Wednesday, January 30, 2008

2nd Order Impacts of Housing

Pittsburgh has escaped the worst of the first order effects of the bursting of the housing bubble as the city and region never really experienced the bubble. Good homes in decent school districts were and still are available for less than twice the area median household income. Pittsburgh is not alone in escaping the burst, as other Rust Belt cities never saw the boom:

Median sales prices for single-family homes in Pittsburgh increased 6.1 percent from a year ago, while some cities in Florida and California posted double-digit declines in sale prices during the same period, suggesting that home prices have fallen most dramatically in areas where the speculative frenzy was hottest.

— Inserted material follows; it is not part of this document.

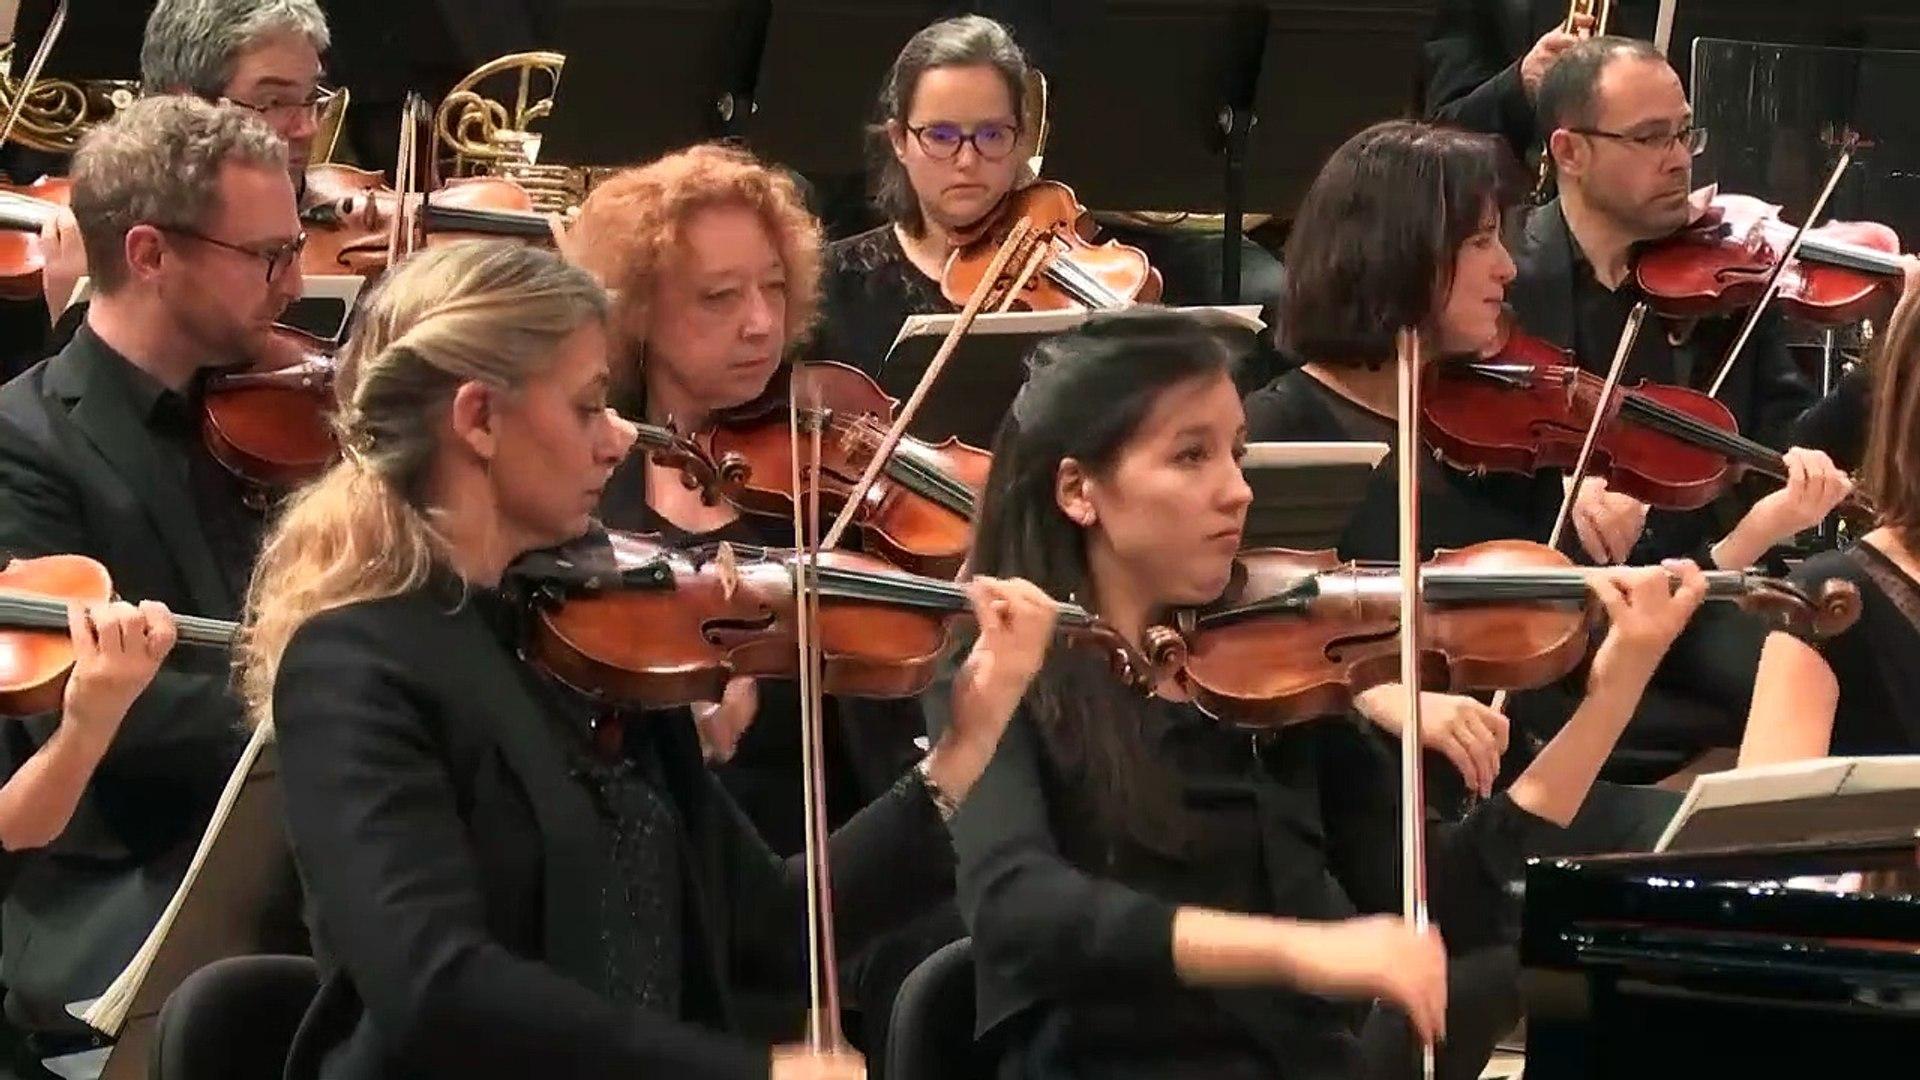 Concert de musiques de films, de Tati à Godard - Vidéo Dailymotion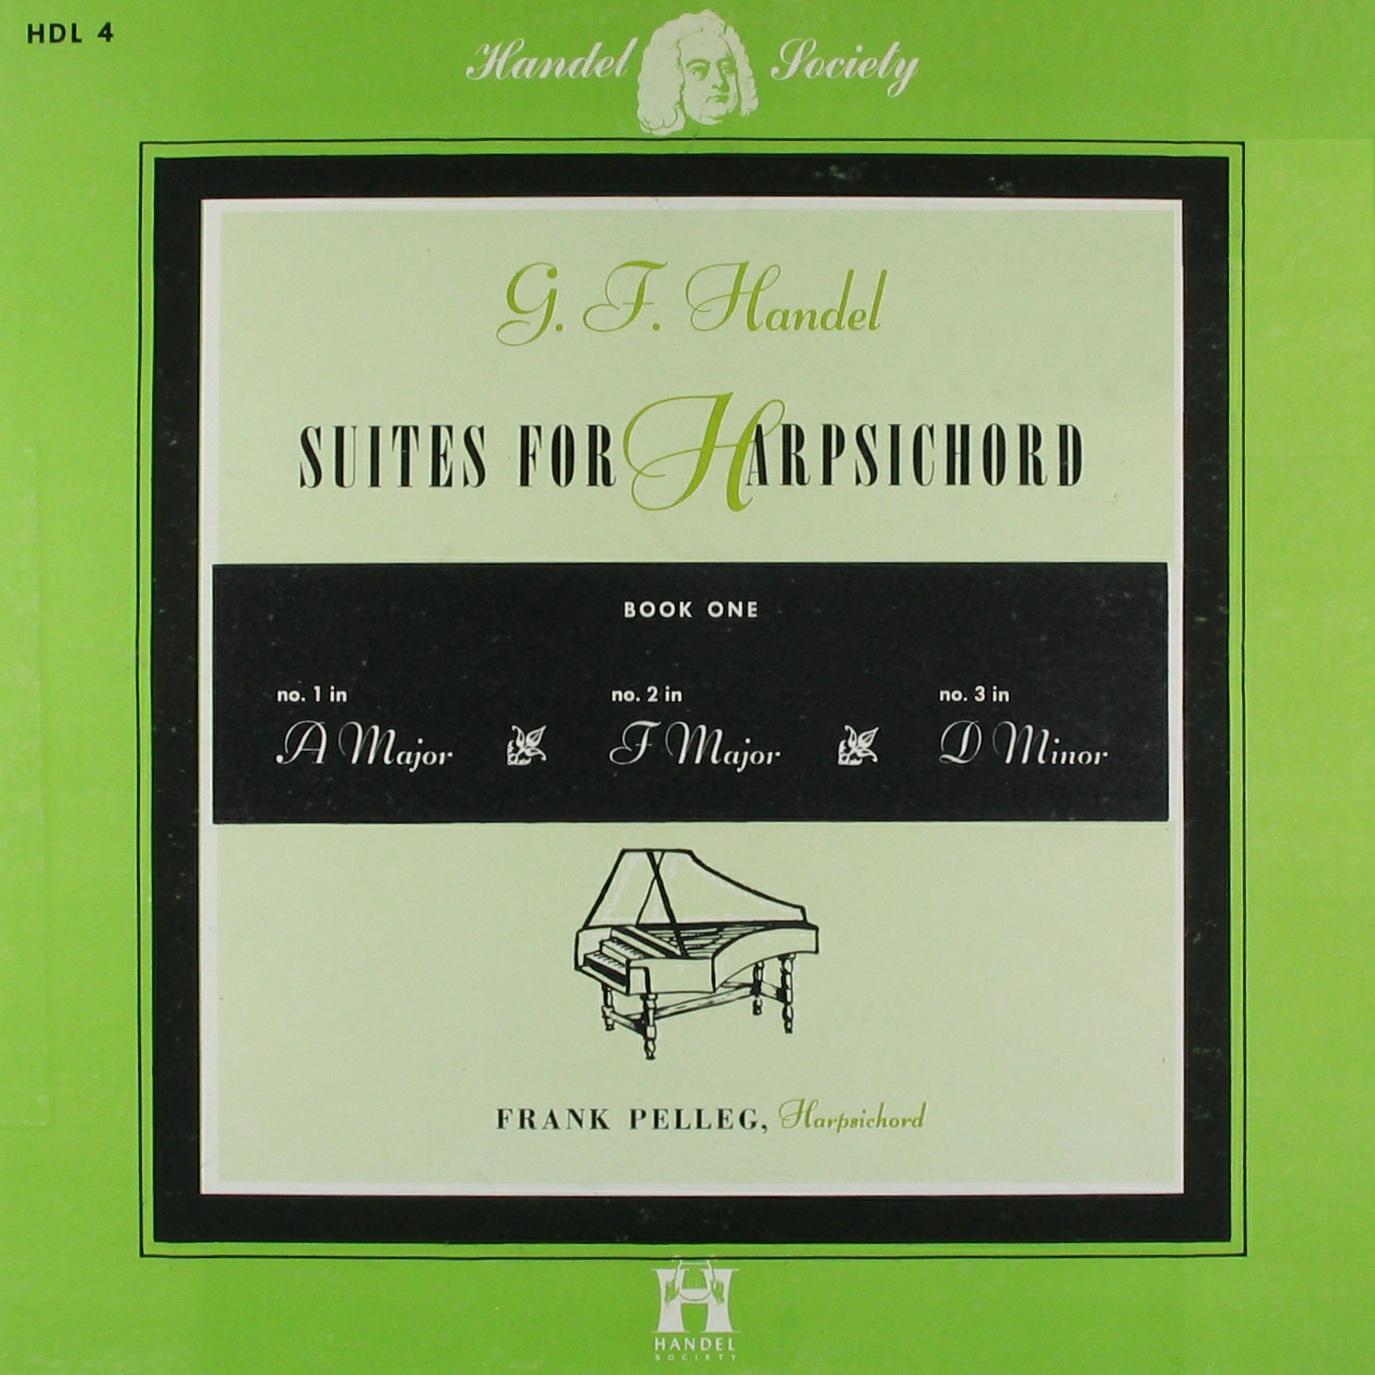 Recto de la pochette du disque Handel Society HDL 4, Cliquer sur la photo pour une vue agrandie

"Pittsburgh doesn't have a hangover because it wasn't at the party," said Dr. Marc Louargand, president of the American Real Estate Society and a principal with Saltash Partners LLC in Hartford, Conn.


However the second order effects of the bubble burst are being felt in Pittsburgh even if this region never got too frothy. The Post-Gazette reports today of the real estate industry job losses:

The U.S. mortgage meltdown is roiling Pittsburgh's western suburbs in unexpected ways. Jobs, not homes, are being lost.

Pittsburgh-area companies eliminated 1,590 mortgage-lending and consumer finance positions between the end of 2005 and the end of 2007 -- the 10th highest drop among any metro area in the country, according to Moody's Economy.com.

Many of those layoffs occurred along the Parkway West, in towns such as Moon and Robinson, Coraopolis and Green Tree, where companies have aggregated to provide appraisals, title insurance, closing and deed preparation services for mortgage lenders nationwide.


These are decent to well paying jobs; I interviewed for a couple of them in 2003 and 2004 and they were paying above median wages for people straight out of college. Pittsburgh is doing better than other Rust Belt cities but job growth has been slowing down in the region faster than the national slow down.

Ahh, the joys of integrated national economies so even when a region did not go crazy, the second order effects impact the region anyways.